Comment 1 Richard Biener 2011-12-12 10:23:20 UTC
It's vectorized as

  vect_var_.11_17 = MEM[base: D.1616_5, offset: 0B];
  vect_var_.12_19 = vect_var_.11_17 + { 65472, 65472, 65472, 65472, 65472, 65472, 65472, 65472 };
  vect_var_.14_22 = VEC_COND_EXPR <vect_var_.11_17 > { 63, 63, 63, 63, 63, 63, 63, 63 }, vect_var_.12_19, { 0, 0, 0, 0, 0, 0, 0, 0 }>;
  MEM[base: D.1616_5, offset: 0B] = vect_var_.14_22;

GCC doesn't have the idea that this is a "saturated subtraction".  If targets
have saturated arithmetic support, but only with vectors, then the vectorizer
pattern recognition would need to be enhanced and the targets eventually
should support expanding saturated arithmetic.

OTOH middle-end support for saturated arithmetic needs to be improved,
scalar code could also benefit from optimization.  On the RTL level
we have [us]s_{plus,minus} which the vectorizer could use (if implemented
on the target for vector types).
Comment 2 Ulrich Drepper 2012-01-08 18:56:48 UTC
Note, this code appears in gzip and therefore IIRC in specCPU (in deflate.c:fill_window).  Although when compiling gzip myself with that code embedded in a larger function I cannot get the optimization to apply at all.
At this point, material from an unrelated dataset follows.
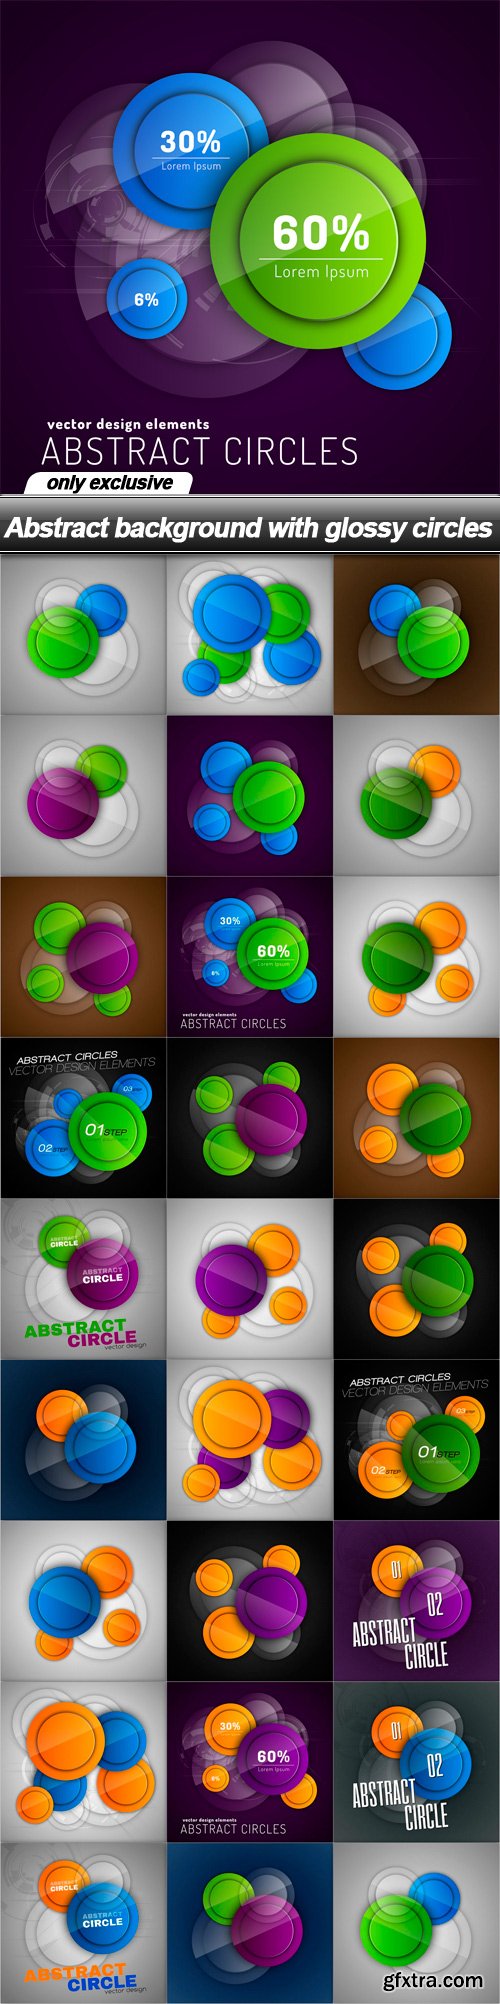 Abstract background with glossy circles - 26 EPS

If this bug is fixed and the optimization is applied the spec numbers could go up if specCPUis testing unzipping...
Comment 3 Richard Biener 2012-07-13 08:39:43 UTC
Link to vectorizer missed-optimization meta-bug.
Comment 4 Andrew Pinski 2016-01-04 23:22:48 UTC
AARCH64 could produce SQSUB instead of the following code:
        add     v1.8h, v0.8h, v3.8h
        cmhi    v0.8h, v0.8h, v2.8h
        and     v0.16b, v1.16b, v0.16b
Comment 5 Andrew Pinski 2021-08-24 23:44:48 UTC
We do slightly better but not close:
        movdqa  (%rax), %xmm0
        addq    $16, %rax
        psubusw %xmm1, %xmm0
        paddw   %xmm1, %xmm0
        paddw   %xmm2, %xmm0
        movaps  %xmm0, -16(%rax)

Which is expanded from:
  vect__1.6_15 = MAX_EXPR <vect_m_6.5_3, { 64, 64, 64, 64, 64, 64, 64, 64 }>;
  vect__2.7_17 = vect__1.6_15 + { 65472, 65472, 65472, 65472, 65472, 65472, 65472, 65472 };

-mavx2 we get:
        vpmaxuw (%rax), %ymm2, %ymm0
        addq    $32, %rax
        vpaddw  %ymm1, %ymm0, %ymm0
        vmovdqa %ymm0, -32(%rax)

Just note 65472 is -64.

This shouldn't be too hard to detect and add and even lower back to MAX_EXPR/PLUS_EXPR if us_minus does not exist.